Босвак. «Босвак» – это же «бон суар»!

Хотя речь женщины, выражаясь языком лингвиста, была вырожденной формой, ее происхождение было очевидно. Босвак! А те слова, которые он слышал из-за окна? «Уовеву»! Это же «левеву», по-французски «встаньте».

«Шье» Ярроу. «Шье» – уж не «мсье» ли это? Начальное «м» отпало, французское «с» перешло во что-то близкое к американскому «ш». Наверняка. В этом выродившемся французском были и другие перемены. Усилилось придыхание. Сместились гласные. Исчезли носовые звуки. Разбрелись согласные. «К» перед гласной перешло в замыкание гортани. «Р» перешло в «к», «п» – в «пф», «ф» сместилось в звук, подобный «хв», «л» перед гласной превратилось в «у». Что еще? Должна была произойти трансмутация – смещение смысла слов, должны были возникнуть новые слова взамен старых.

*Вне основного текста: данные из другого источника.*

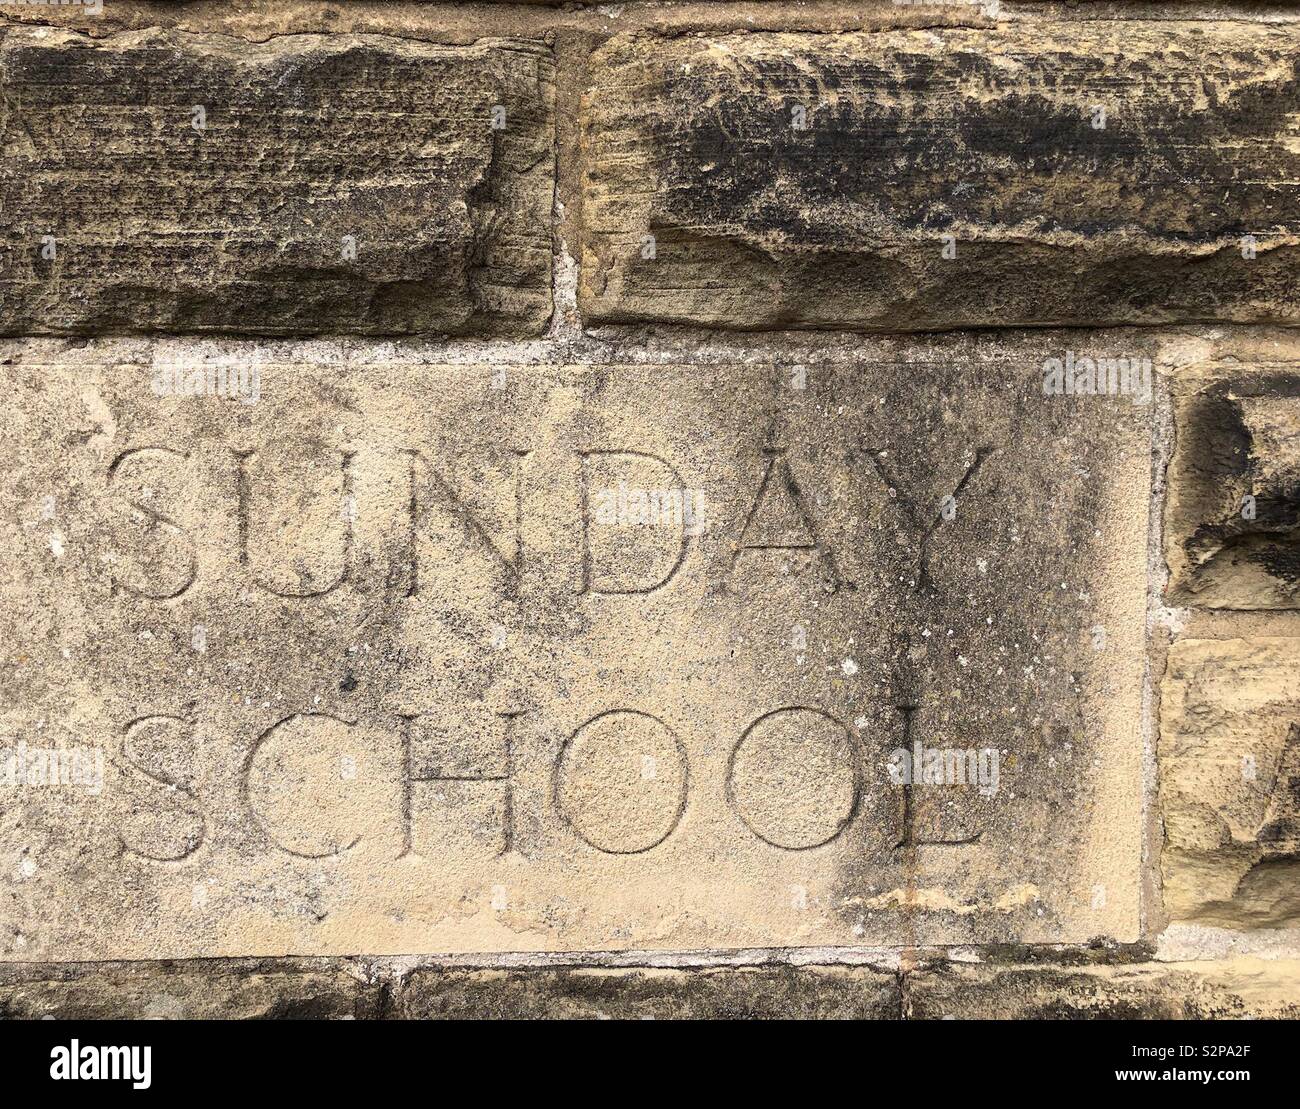 Pierres sculptées encastrées dans le mur d'une église méthodiste - l'école du dimanche Banque D'Images

Но, тем не менее, это был отчетливо различимый французский язык.

– Босвак! – повторил он.

И подумал: «Нашли, что сказать! Встретились два человека в сорока с лишним световых годах от Земли! Мужчина, в своем восприятии год женщин не видавший, и женщина, может быть, одна-единственная на всю планету; она прячется, она себя не помнит от страха. И говорят друг дружке „добрый вечер“, и других слов подобрать не могут».

Он шагнул ближе. И бросило в жар от смятения. Чуть было не ударился бежать прочь. Ее белую кожу едва прикрывали две узенькие полоски ткани, одна на груди, другая изображала собой набедренную повязку. Такого он в жизни не видывал, разве что на запрещенных картинках.

И тут он увидел, что губы у нее накрашены. Смятение разом сменилось удушливым приступом страха. Точно такие же алые губки были у злобного чудовища, у жены Обратника.

Он с трудом справился с дрожью. Давайте рассудим здраво. Не может быть эта женщина самой Анной Ведминг, не могла она явиться из далекого прошлого на эту планету, чтобы соблазнить его и отвратить от истинной веры. Если бы она была Анной Ведминг, то не говорила бы на выродившемся французском языке. И не явилась бы такой мелкой сошке, как Хэл. Явилась бы верховному уриелиту Макнеффу.

Хэл лихорадочно рассмотрел вопрос о губной помаде с наивозможнейшей всесторонностью. Проповедь Впередника привела к исчезновению косметики. Ни одна женщина больше не смеет… Но это неправда. Косметикой не пользуются только в Союзе ВВЗ. У израильтян, у банту женщины красят губы. Впрочем, всякий знает, что это за женщины.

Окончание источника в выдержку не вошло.